Hello. I am forwarding a feature request from a Debian user of dos2unix. The request and a bit of discussion can be found in Debian bug #1053983. It concerns the manpage (version 7.5.1) description of ascii
mode.
In the section OPTIONS:
-ascii
Convert only line breaks. This is the default conversion mode.
And then in the section CONVERSION MODES:
ascii
In mode "ascii" only line breaks are converted. This is the
default conversion mode.
Although the name of this mode is ASCII, which is a 7 bit standard,
the actual mode is 8 bit. Use always this mode when converting
Unicode UTF-8 files.
The requester notes that when in ascii mode, UTF-16 input will be converted to UTF-8 and the BOM is removed. So technically, more than line breaks may be affected.
As noted in the bug report, the behavior is correctly described in other options in the manpage, so the suggestion is to make sure users find those descriptions and are aware of the behavior.
Perhaps something like the following?
-ascii
Convert only line breaks unless the input is UTF-16, in which case
the input is transformed to UTF-8 and no BOM is written. This is the
default conversion mode.
Also see options -u, -r, and -b for more about UTF-16 and the BOM.
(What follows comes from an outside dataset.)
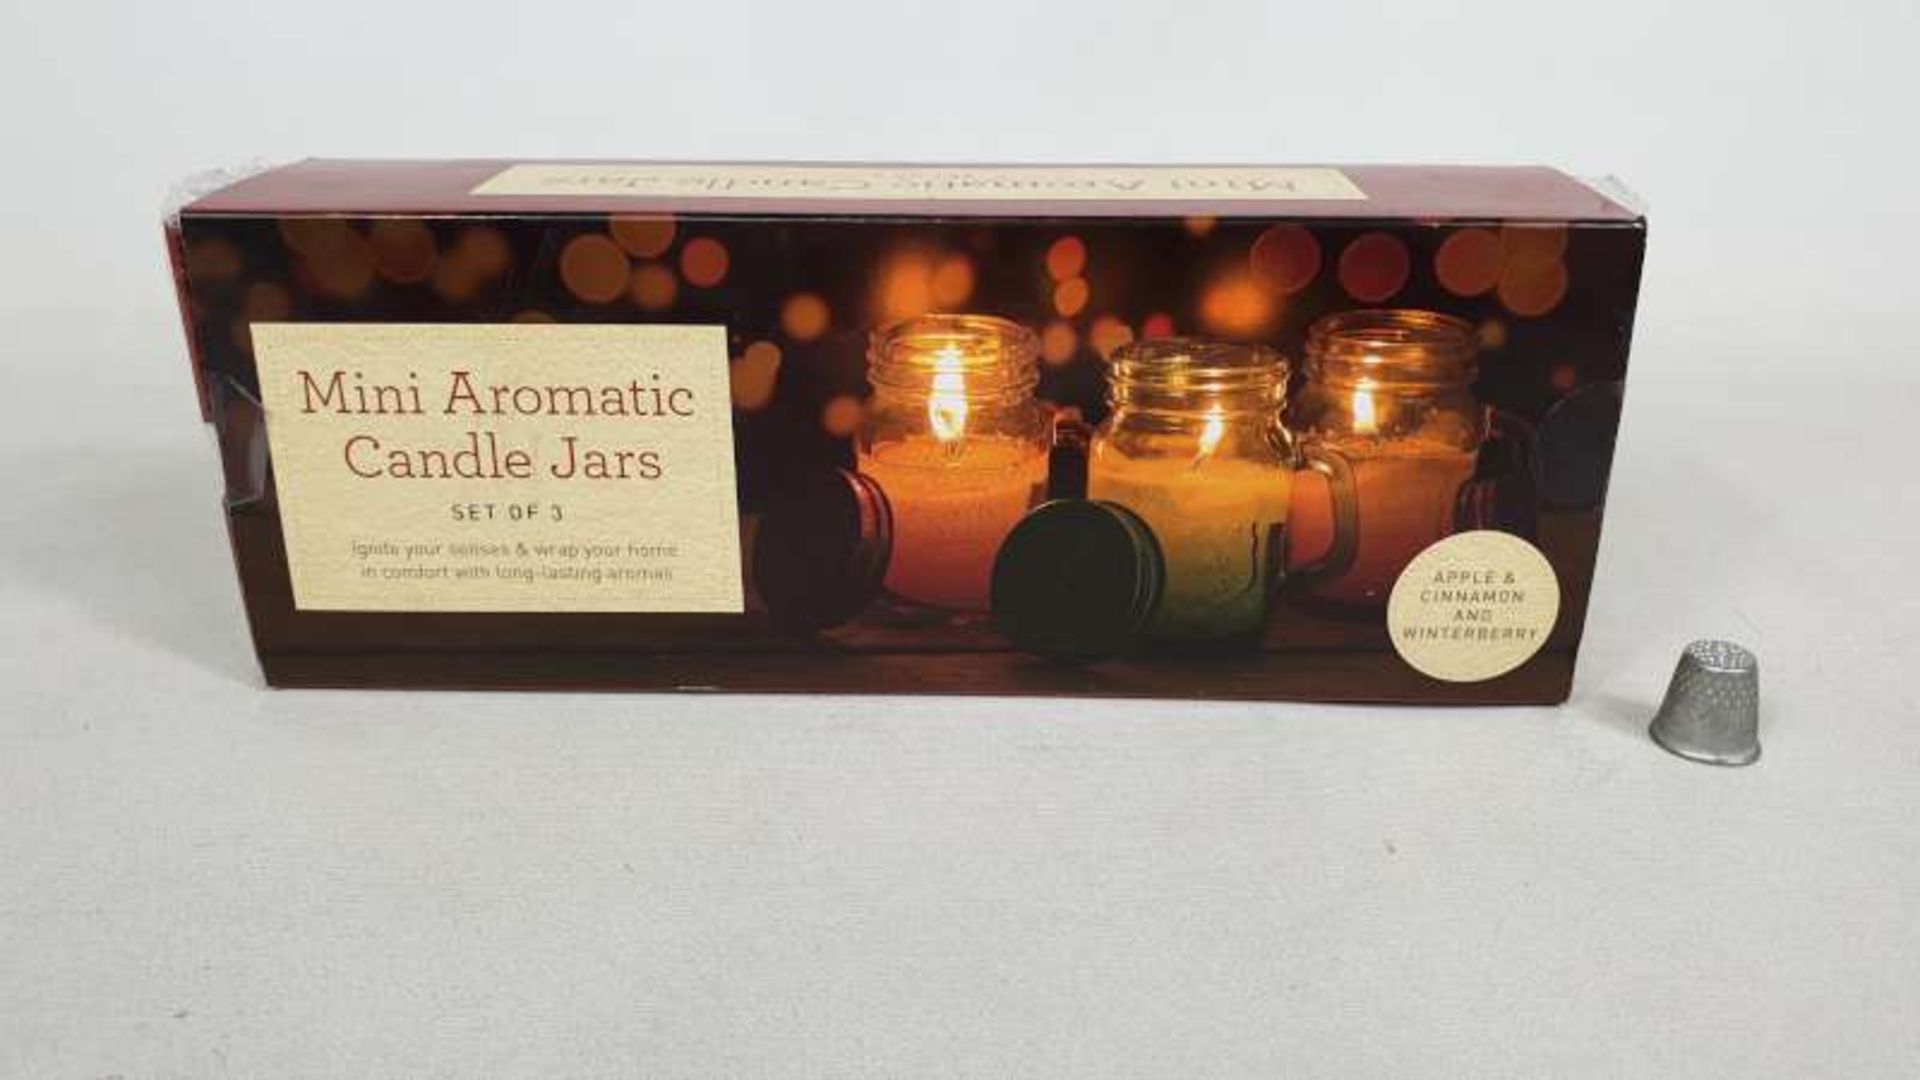 48 X SETS OF 3 MINI AROMATIC CANDLES JARS IN 4 BOXES

Thank you for considering the request.
Anonymous
Hi Tony,
Thanks for the request. This text needs indeed an update. I will make the change.
best regards,
Erwin
The text stems from the time when dos2unix had no Unicode conversion. It was the default mode, not doing any ISO character set conversion (option -iso).
I have updated the text to the following (commit [24279d] ):
Related
Commit: [24279d]
Hello Erwin,
The updated wording looks good. This should make it clearer to users that they they need to review the various modes of operation and other sections of the documentation if those apply to their use case.
Thank you for considering the suggestion!